# Task requirements
Copy the records below exactly, starting at the line that contains "scarpe donna ginnastica" and ending at the line that contains "İskenderun'da Pazarların Açılış"; leave out any pictures.

# Supplied records

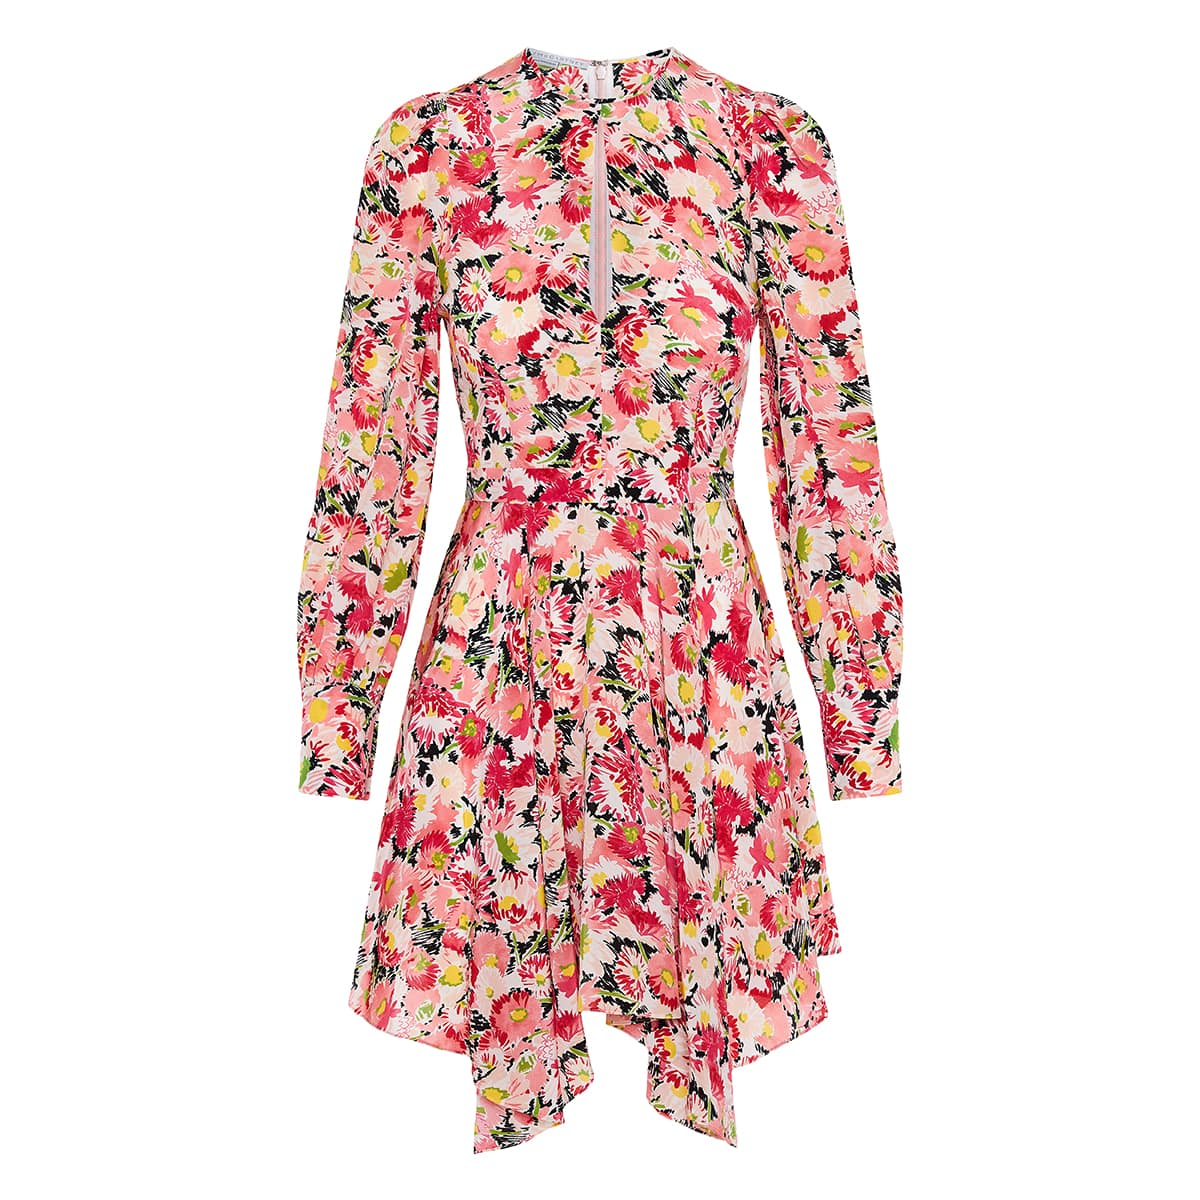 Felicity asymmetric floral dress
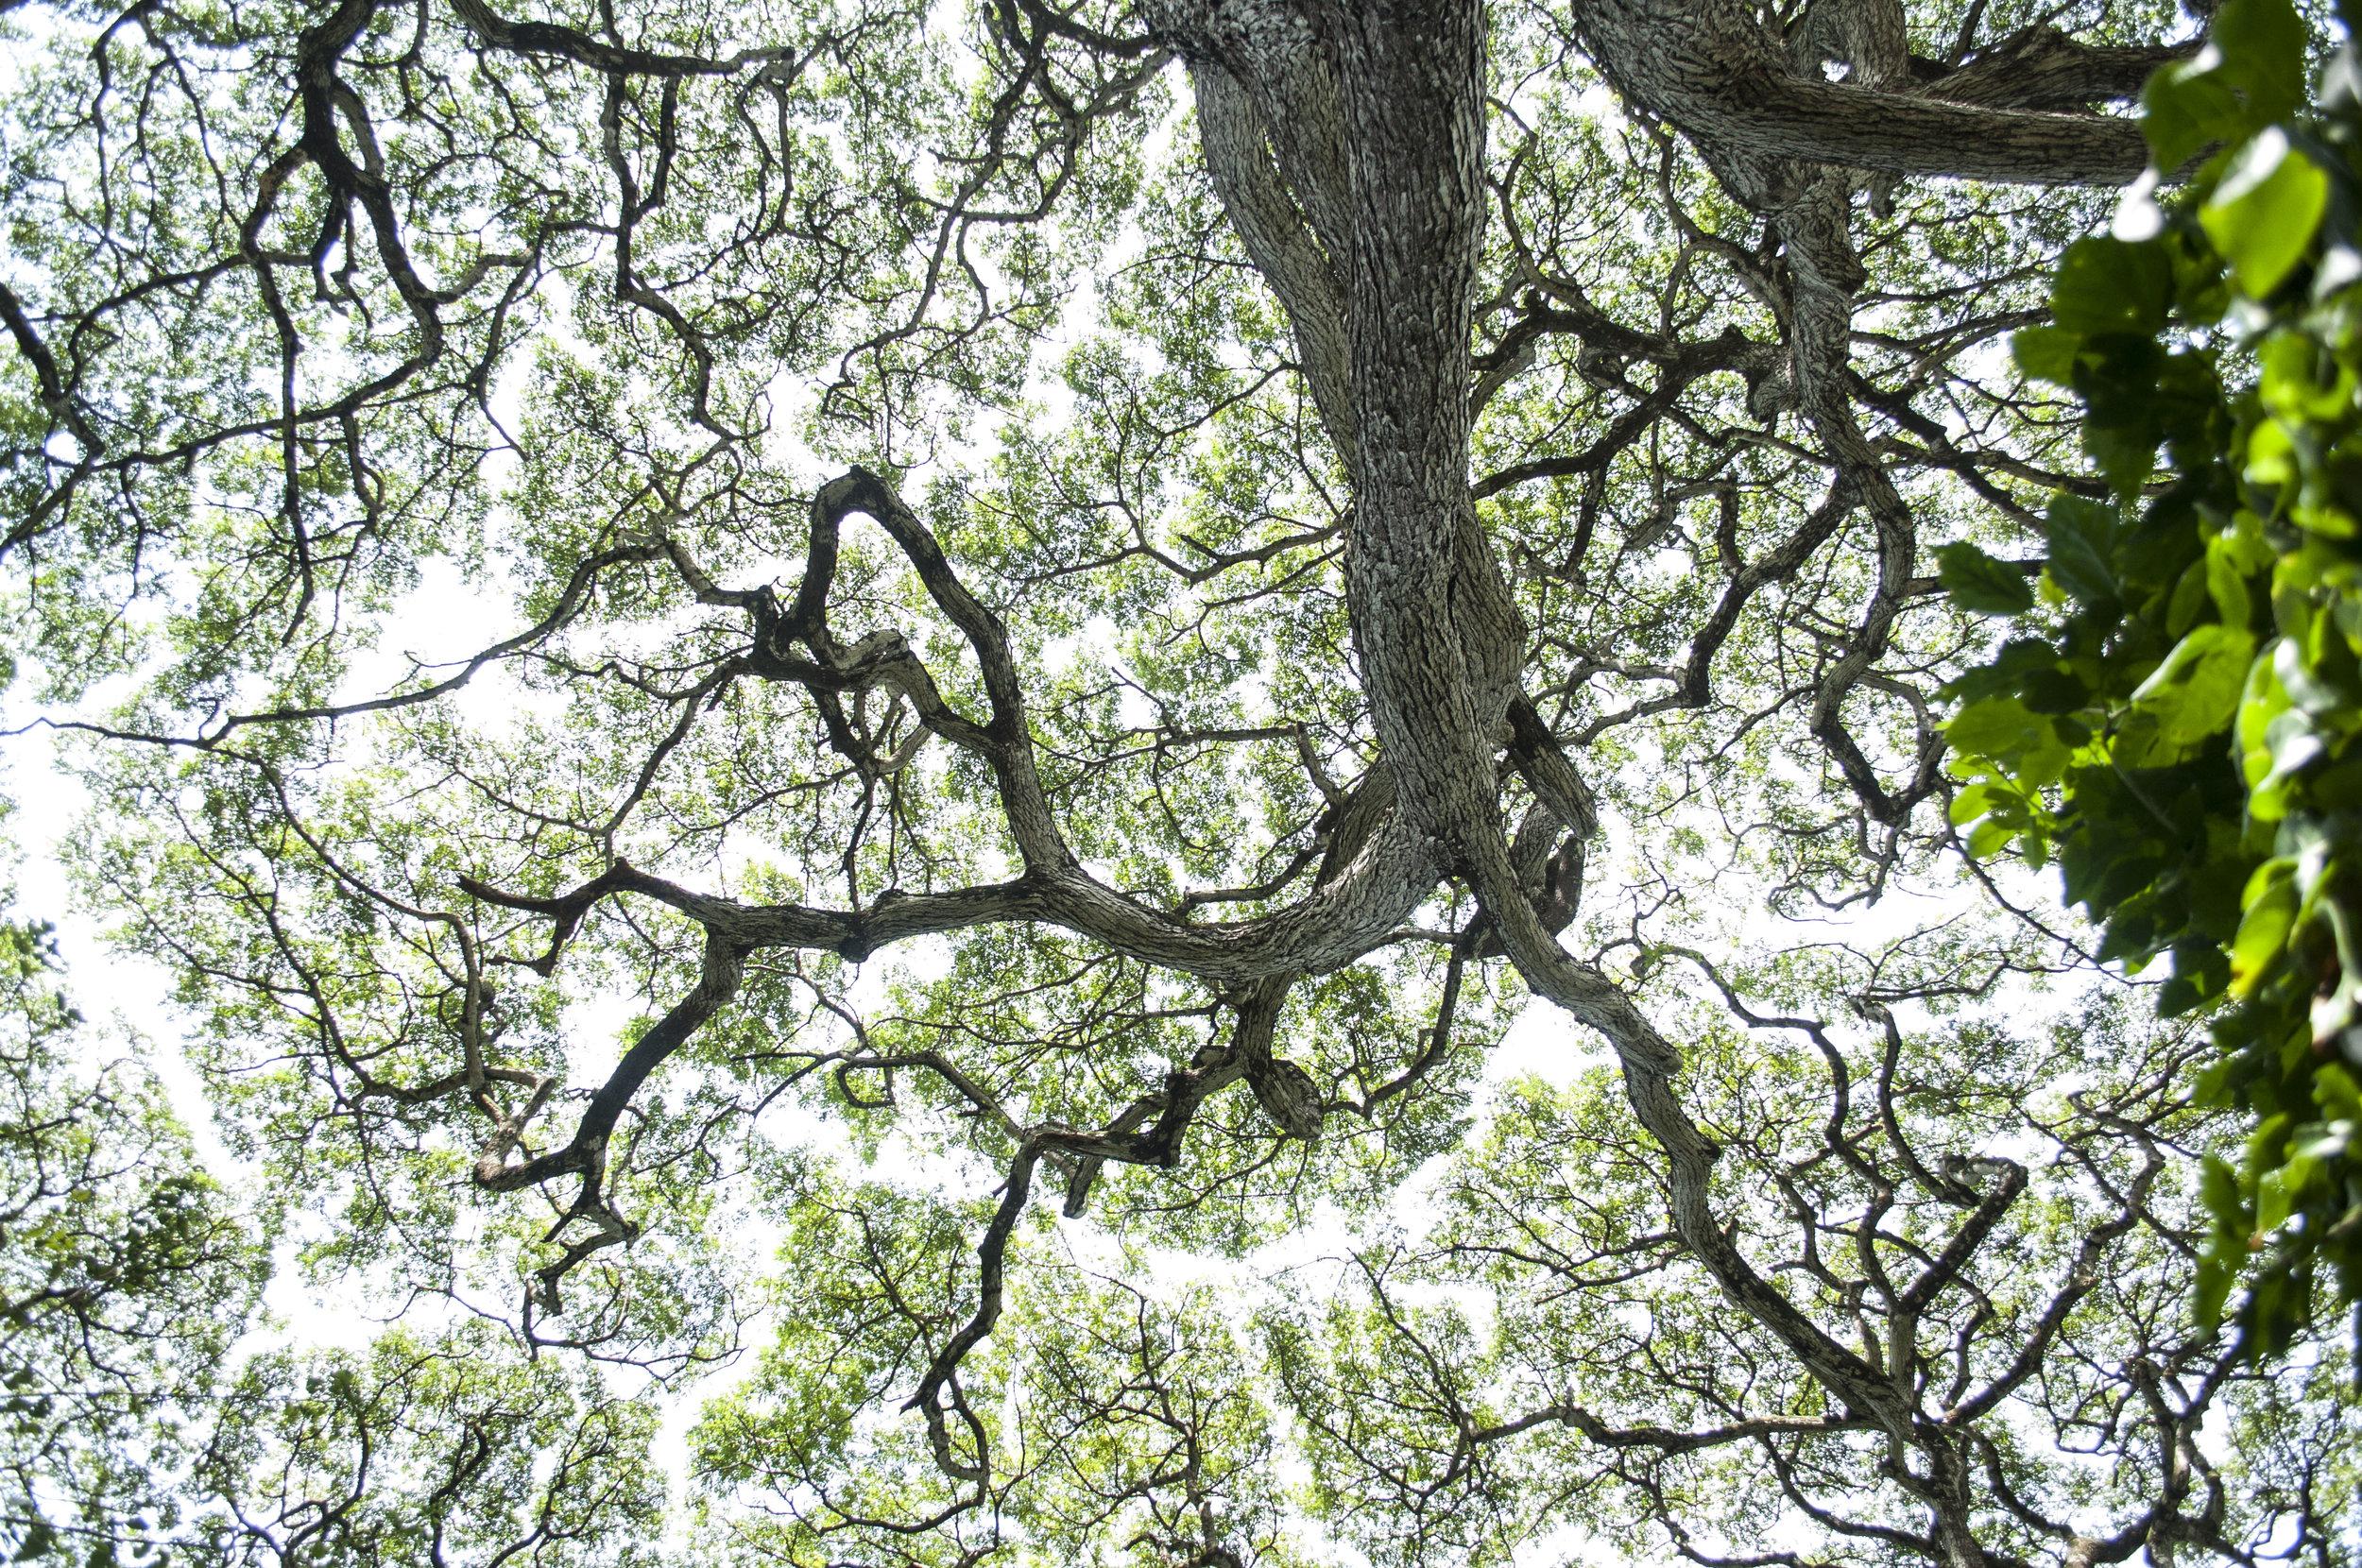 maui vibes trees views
==
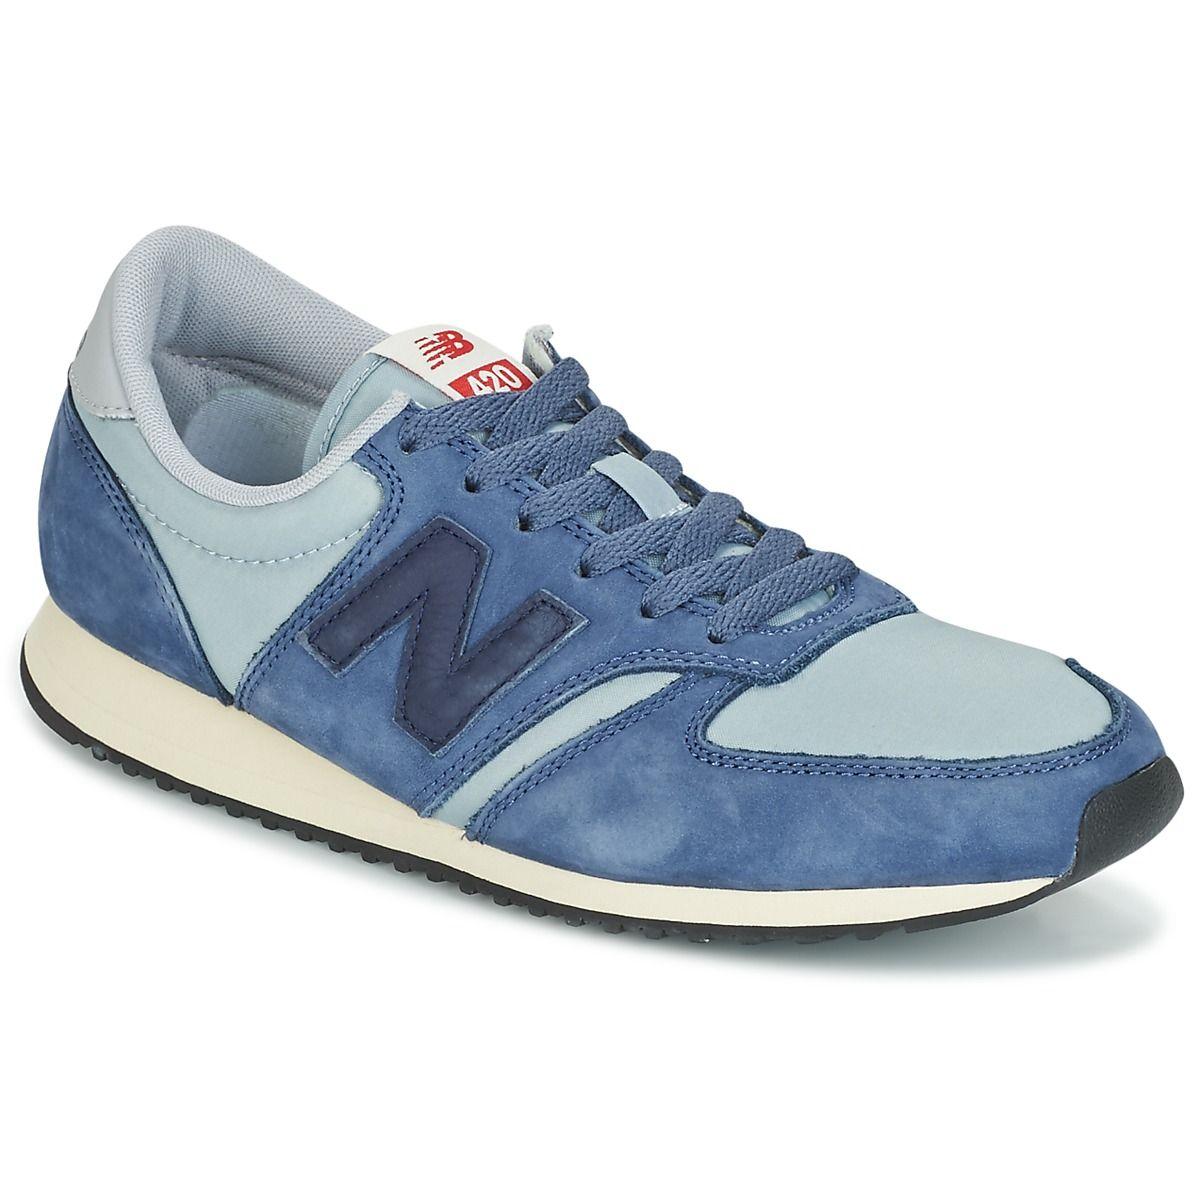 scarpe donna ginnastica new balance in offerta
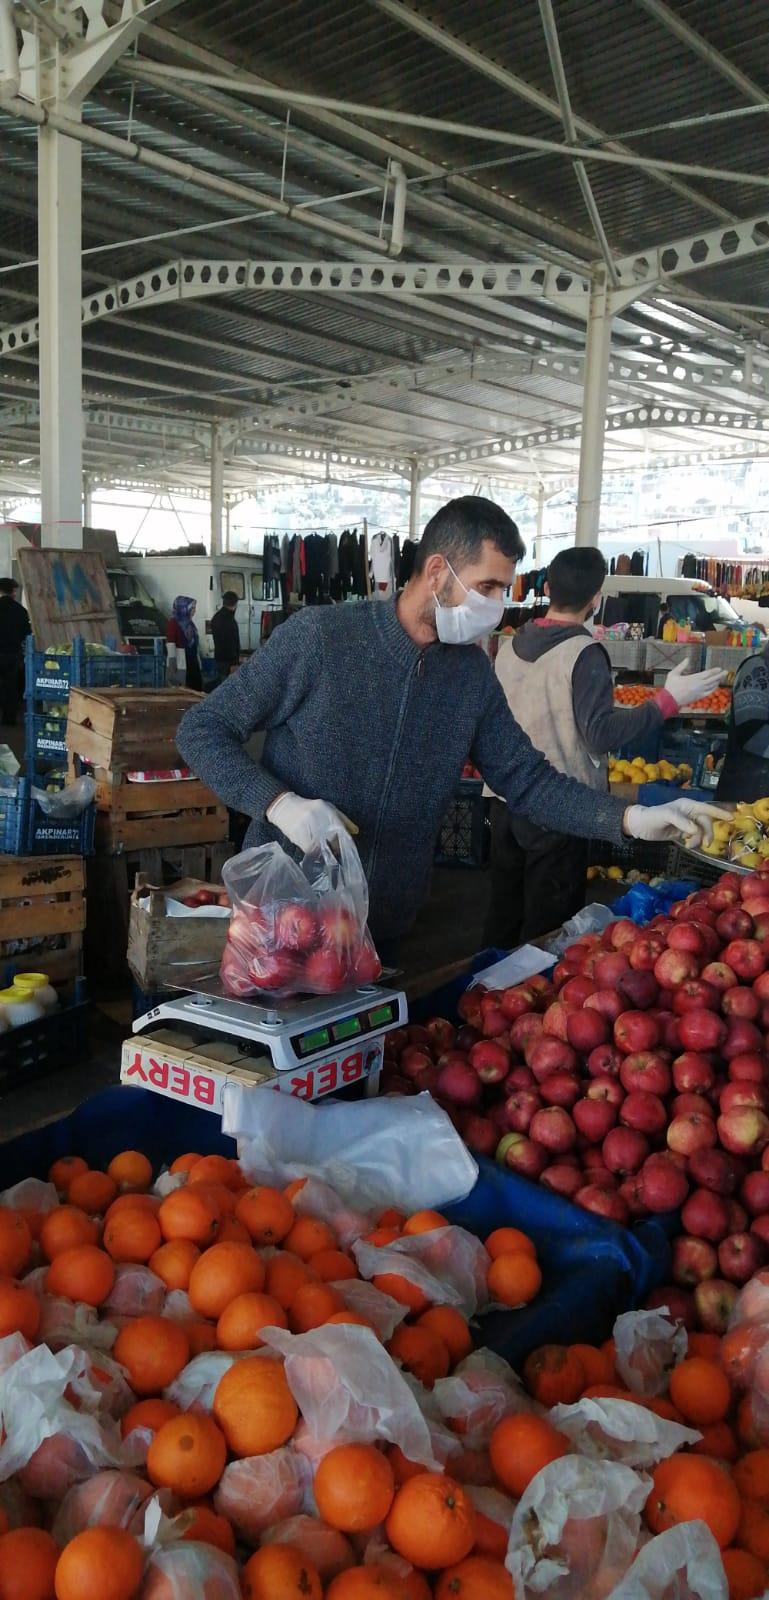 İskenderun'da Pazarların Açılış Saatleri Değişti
* * *
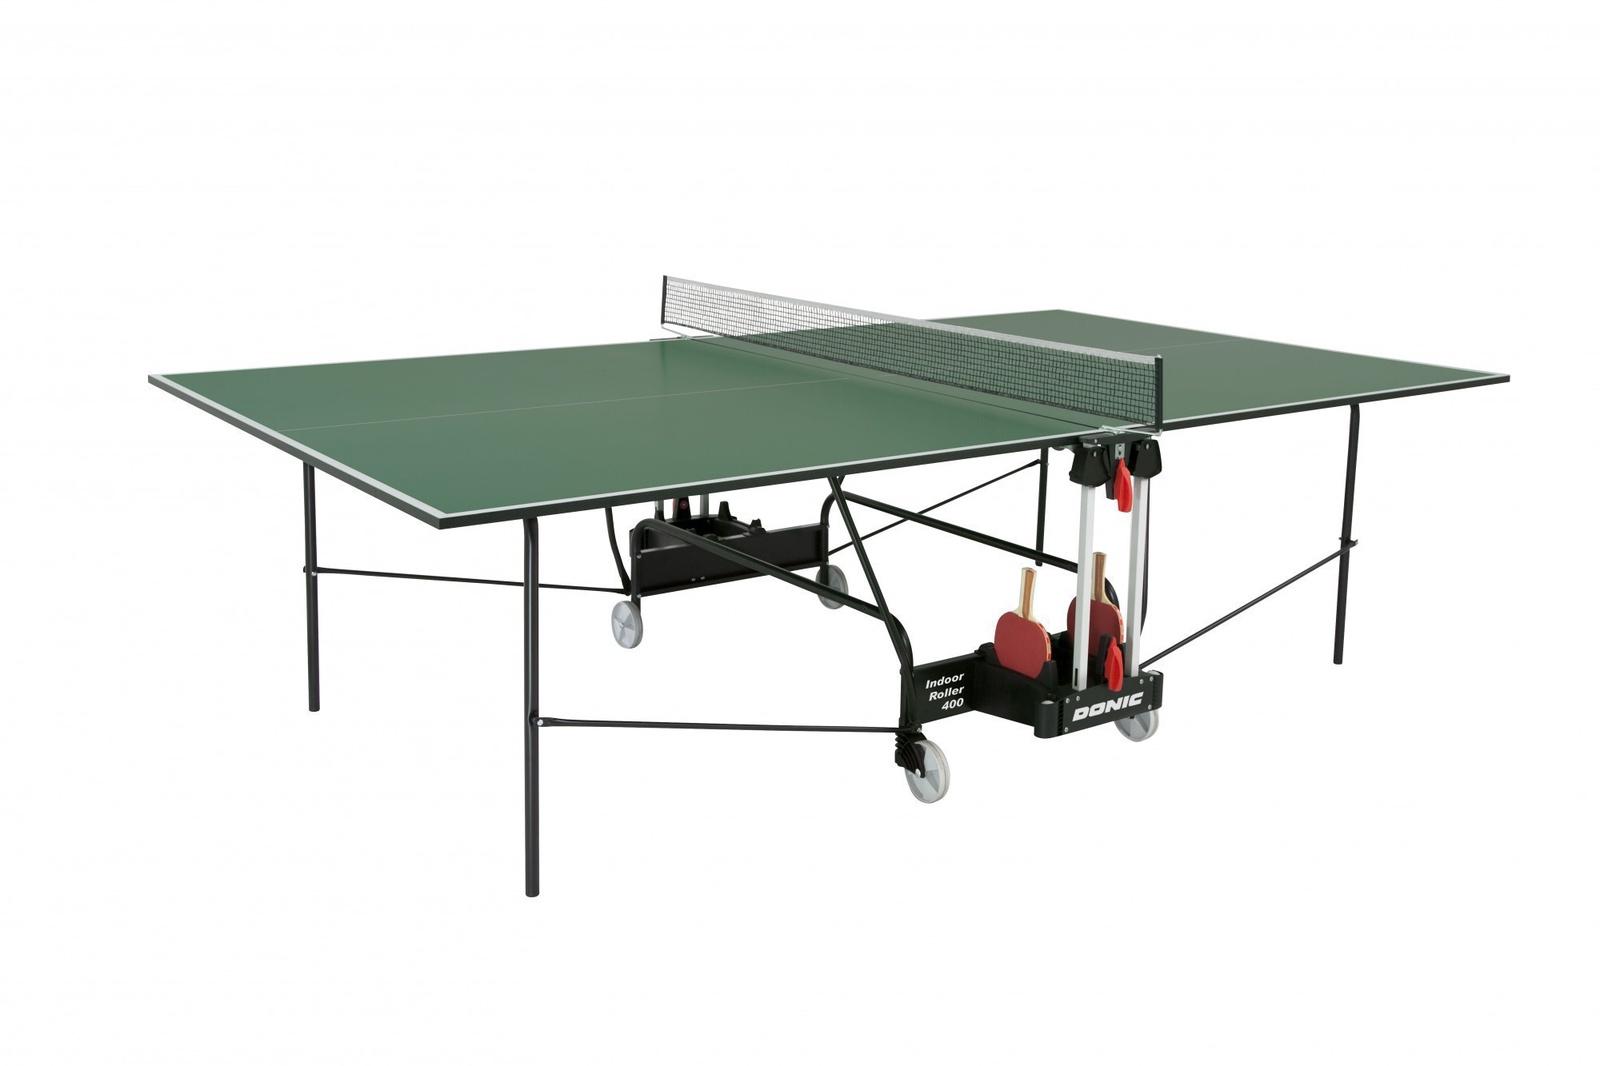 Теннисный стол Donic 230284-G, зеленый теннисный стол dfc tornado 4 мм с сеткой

# Task output
 scarpe donna ginnastica new balance in offerta
 İskenderun'da Pazarların Açılış Saatleri Değişti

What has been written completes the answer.